This dataset provides a robust historical record of market performance for 21 unique tickers, spanning from December 7, 2020, to February 3, 2026.

Notably, the data exhibits exceptional quality and balance: every ticker contains exactly 1,295 trading days, ensuring a uniform time-series structure.

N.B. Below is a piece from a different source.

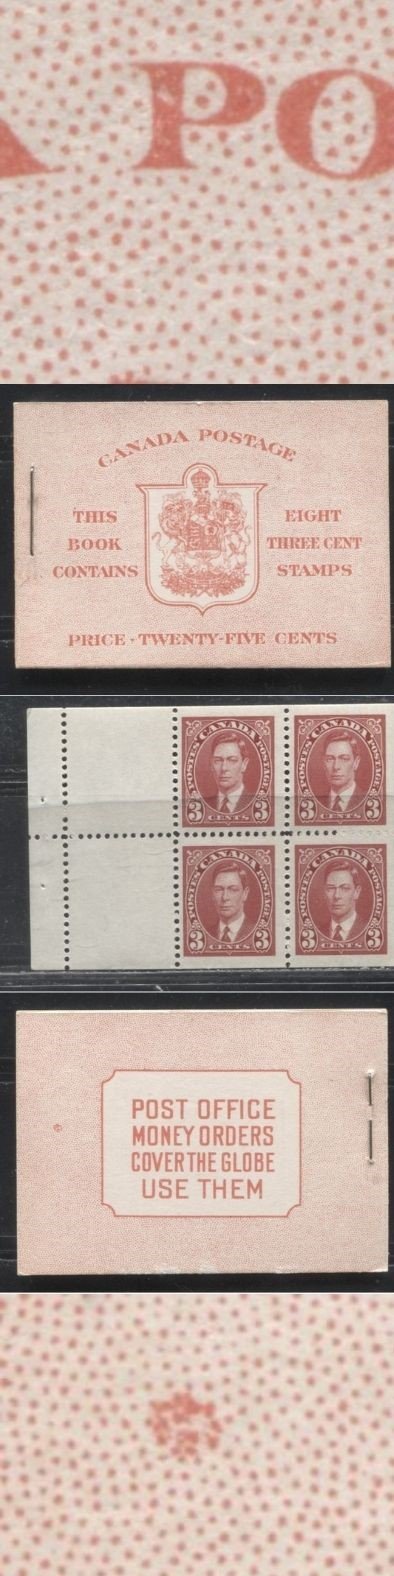 Lot 142 Canada #BK30cEIIe 3c Carmine Red King George VI 1937-1942 Mufti Issue, A Fine NH Complete English Booklet Containing 2 Panes of 4 + 2 Labels , Cover type IIe, 6c Airmail Rate, Ribbed Panes, Constant Large Dot Flaw on Back Cover

With 0% missing values and no duplicate entries found, this clean dataset serves as a reliable foundation for technical analysis and algorithmic backtesting.

In [2]:
def describe_market_data(df):
# 1. Basic Structure
    print(f"▶ Total Rows:       {df.shape[0]:,}")
    print(f"▶ Total Columns:    {df.shape[1]}")
    print(f"▶ Column Name: {df.columns}")
    
# 2. Temporal Analysis (Date Range)
    # Ensure date column is datetime
    if 'date' in df.columns:
        if not pd.api.types.is_datetime64_any_dtype(df['date']):
            try:
                df['date'] = pd.to_datetime(df['date'])
                print("✓ 'date' column converted to datetime format.")
            except:
                print("⚠ Warning: Could not convert 'date' column.")
        
        start_date = df['date'].min().strftime('%Y-%m-%d')
        end_date = df['date'].max().strftime('%Y-%m-%d')
        duration = (df['date'].max() - df['date'].min()).days
        
        print("\nTIME PERIOD:")
        print(f"▶ Start Date:       {start_date}")
        print(f"▶ End Date:         {end_date}")
        print(f"▶ Duration:         {duration} days")
    else:
        print("\n⚠ 'date' column not found!")

    # 3. Ticker Analysis
    if 'ticker' in df.columns:
        unique_tickers = df['ticker'].nunique()
        tickers_list = df['ticker'].unique()
        
        print("\nTICKER STATISTICS:")
        print(f"▶ Unique Tickers:   {unique_tickers}")
        
        # Check for data balance (Top 5 and Bottom 5 tickers by row count)
        ticker_counts = df['ticker'].value_counts()
        print(f"▶ Most Data:        {ticker_counts.index[0]} ({ticker_counts.iloc[0]} rows)")
        print(f"▶ Least Data:       {ticker_counts.index[-1]} ({ticker_counts.iloc[-1]} rows)")
        
        # Example list
        if unique_tickers > 10:
            print(f"▶ Examples:         {', '.join(tickers_list[:5])} ... {', '.join(tickers_list[-5:])}")
        else:
            print(f"▶ List:             {', '.join(tickers_list)}")
    else:
        print("\n⚠ 'ticker' column not found!")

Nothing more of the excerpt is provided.